Plot the signls pre and post filtering to make sure the filtering process is working as desired:

subplot(211), plot(t,ser1,'-g',t,y1,'-k');

xlabel('Time (days)'); legend('Ser1=raw','y1=filtered'); grid on

subplot(212), plot(t,ser2,'-b',t,y2,'-k');

xlabel('Time (days)'); legend('Ser2=raw','y2=filtered'); grid on

The plots above are reassuring. The filtered signals look like what we expect and desire.

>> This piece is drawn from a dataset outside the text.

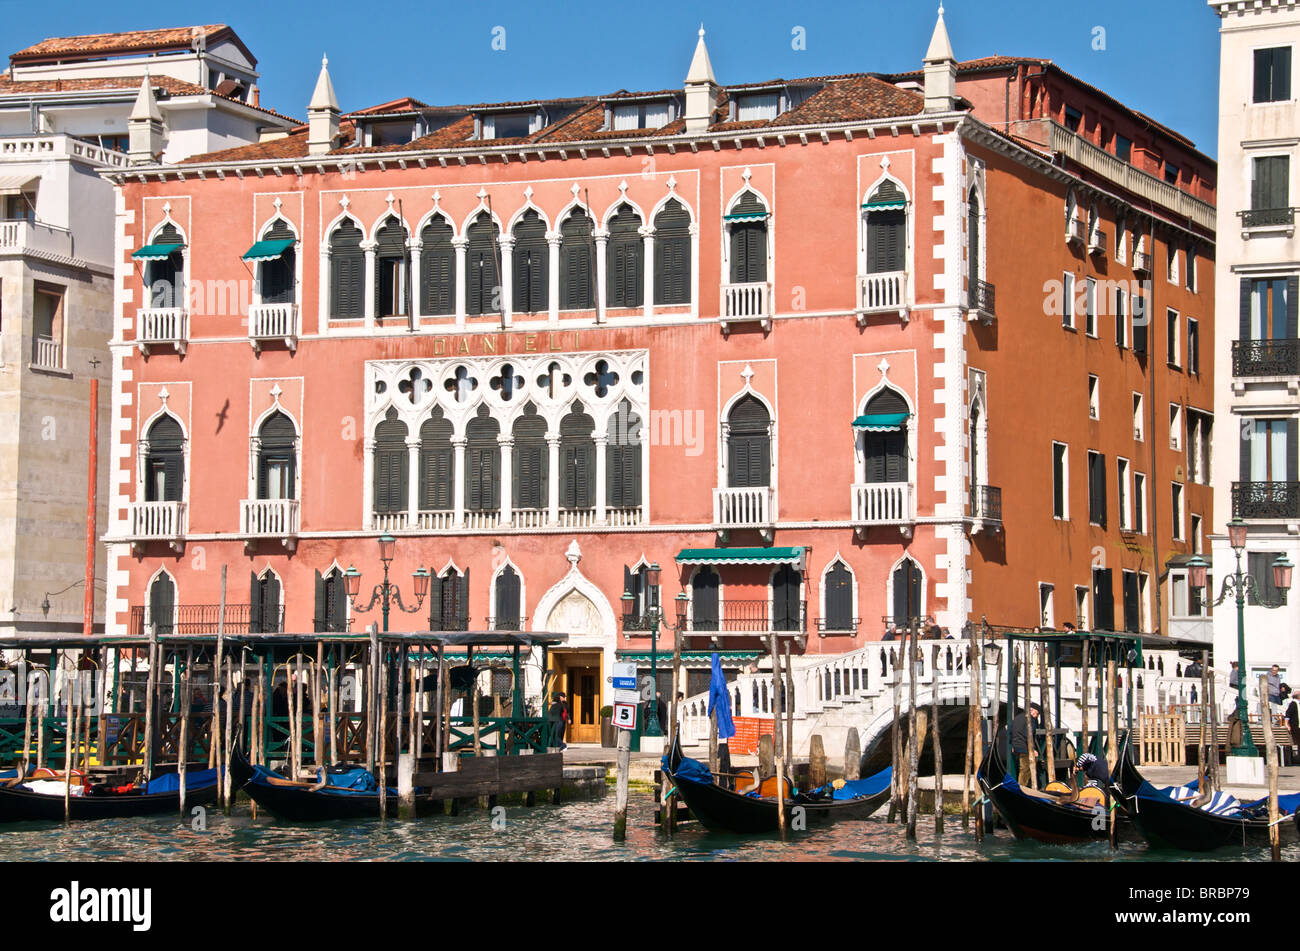 L'Hotel Danieli, bassin de Saint Marc et les gondoles, Venise, UNESCO World Heritage Site, Veneto, Italie Banque D'Images

Find the indices of the upward zero crossings of the filtered signals with an ingenious function from @Star Strider

zci = @(v) find(diff(sign(v))>0); %define function: returns indices of +ZCs

izc1=zci(y1); %find indices of + zero crossings of y1

izc2=zci(y2); %find indices of + zero crossings of y2

ZeroX = @(x0,y0,x1,y1) x0 - (y0.*(x0 - x1))./(y0 - y1); % Interpolated x value for Zero-Crossing

ZT1 = ZeroX(t(izc1),y1(izc1),t(izc1+1),y1(izc1+1));

ZT2 = ZeroX(t(izc2),y2(izc2),t(izc2+1),y2(izc2+1));

Plot the results:

figure; subplot(211);

plot(t,y1,'-b',ZT1,zeros(size(ZT1)),'r+');

title('y1=filtered ser1, and + zero crossings'); grid on

subplot(212); plot(t,y2,'-b',ZT2,zeros(size(ZT2)),'r+');

title('y2=filtered ser2, and + zero crossings'); grid on

xlabel('Time (days)')

Compute the differences between the zero crossing times, and convert those difference to phases, and plot them versus time.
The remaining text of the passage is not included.